The deflecting unit 5 is connected with an adjusting device 6. The adjusting device 6 can adjust the orientation of the deflecting unit 5. In particular, the adjusting device 6 is constructed such that the orientation of the deflecting unit 5 can take place in one or more spatial directions F′, F″, F″′, as indicated for example by the directional arrows in FIG. 1. In this case, the deflecting unit 5 is coupled with the adjusting device 6 by way of a servo motor 7, so that the deflecting unit 5 can be swiveled about the polar angle α by the servo motor.

FIG. 2 illustrates the filling device 1 and the process steps connected therewith when filling a component 20 provided with an undercut 21.

Identical reference numbers in FIG. 2 indicate the same components as were indicated in the description of FIG. 1.

A part of a component 20, such as a part of an instrument panel for a motor vehicle, is situated below the filling device 1. The component 20 has an undercut 21, which forms a filling space 22, which is to be backfilled with a polyurethane foam, as intended. As illustrated in FIG. 2, it becomes possible as a result of the solution according to the invention that the filler 10 flowing out in the vertical direction Z is directed along the deflecting unit 5 to the filling space 22 in the component 20, whereby the area provided with the undercut 21 will be filled with the filler 10.

A cleaning device 11, by which the deflecting unit 5 can be cleaned after the conclusion of a filling cycle, is situated adjacent to the outlet tube 4. In the present embodiment, the surface is acted upon by a solvent under pressure, whereby residue of the adhering filler 10 can be removed from the surface 13 of the deflecting unit 5. According to the invention, cleaning can therefore take place without having to disassemble the deflecting unit 5 from the filling device 1.

As an alternative, other arrangements of the adjusting device 6, of the servo motor 7 or of the cleaning device 11, as well as of further components, on which the invention is based, may also be combined. The adjusting device 6 may therefore particularly also have a rotational drive, which permits a rotation about the angle of rotation θ about the axis in the vertical direction Z, whereby a (graduated)-circle-shaped rotating movement of the deflecting unit 5 will be permitted.

Furthermore, the outlet tube 4 itself may have a movable design and the direction of flow can be adjusted directly already by way of the orientation of the outlet tube 4. As an alternative, a combination of the adjustable outlet tube 4 and the adjusting device 6 may be provided in order to obtain a large number of degrees of freedom. For this purpose, the outlet tube 4 is to be provided with an adjusting drive in order to orient and move the latter into the desired direction.

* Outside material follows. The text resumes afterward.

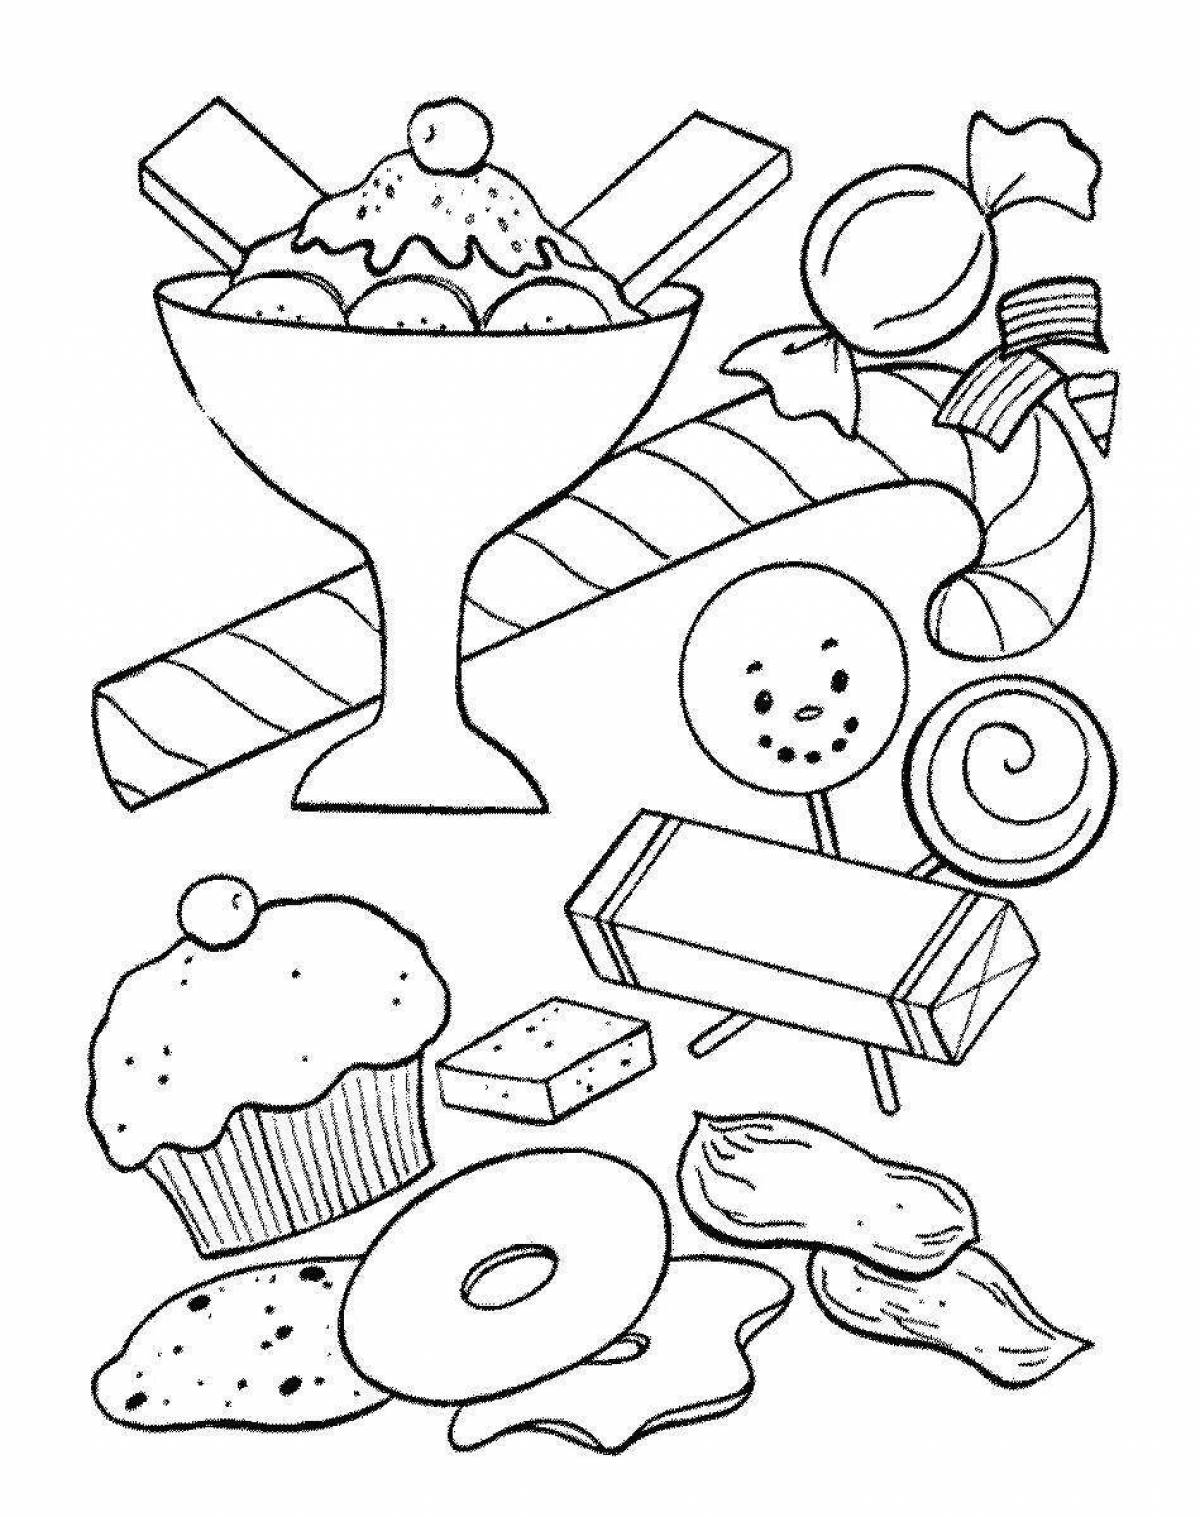 Fancy confectionery coloring book for kids

Additionally, the outlet tube 4 may also have a flexible design, so that curves and curvatures of the outlet tube 4 can be adjusted.

LIST OF REFERENCE SYMBOLS

• 1 Filling device
• 2 Mixing head
• 3 Operating unit
• 4 Outlet tube
• 5 Deflecting unit
• 6 Adjusting device
• 7 Servo motor
• 10 Flowable filler material
• 11 Cleaning device
• 12 Feeding pipes
• 13 Surface of the deflecting unit
• 14 Anti-adhesion unit
• Z Vertical direction
• α Polar coordinates (angle coordinates)
• F, F′, F″, F″′ Spatial directions (directions of flow)

The foregoing disclosure has been set forth merely to illustrate the invention and is not intended to be limiting. Since modifications of the disclosed embodiments incorporating the spirit and substance of the invention may occur to persons skilled in the art, the invention should be construed to include everything within the scope of the appended claims and equivalents thereof.

Claims

1. A filling device for at least one of wetting or filling a component having an undercut space, the filling device comprising: a mixing head operatively configured to mix a flowable curable filler;an outlet tube coupled with the mixing head, the outlet tube feeding the flowable filler into a filling space of the component;an adjustable deflecting unit operatively configured to change a direction of flow of the flowable filler fed from the outlet tube, wherein the flowable filler emerging from the outlet tube is deflectable into an intended direction of flow.

2. The filling device according to claim 1, wherein the adjustable deflecting unit is arranged below the outlet tube.

3. The filling device according to claim 2, further comprising: an adjusting device operatively configured to adjust an orientation of the adjustable deflecting unit in one or more spatial directions.

4. The filling device according to claim 1, further comprising: an adjusting device operatively configured to adjust an orientation of the adjustable deflecting unit in one or more special directions.

5. The filling device according to claim 3, wherein the adjusting device is configured to at least one of rotate or swivel the adjustable deflecting unit about an angle.

6. The filling device according to claim 5, wherein the adjusting device comprises at least one servo motor operatively configured to adjust the orientation of the adjustable deflecting unit in the one or more spatial directions.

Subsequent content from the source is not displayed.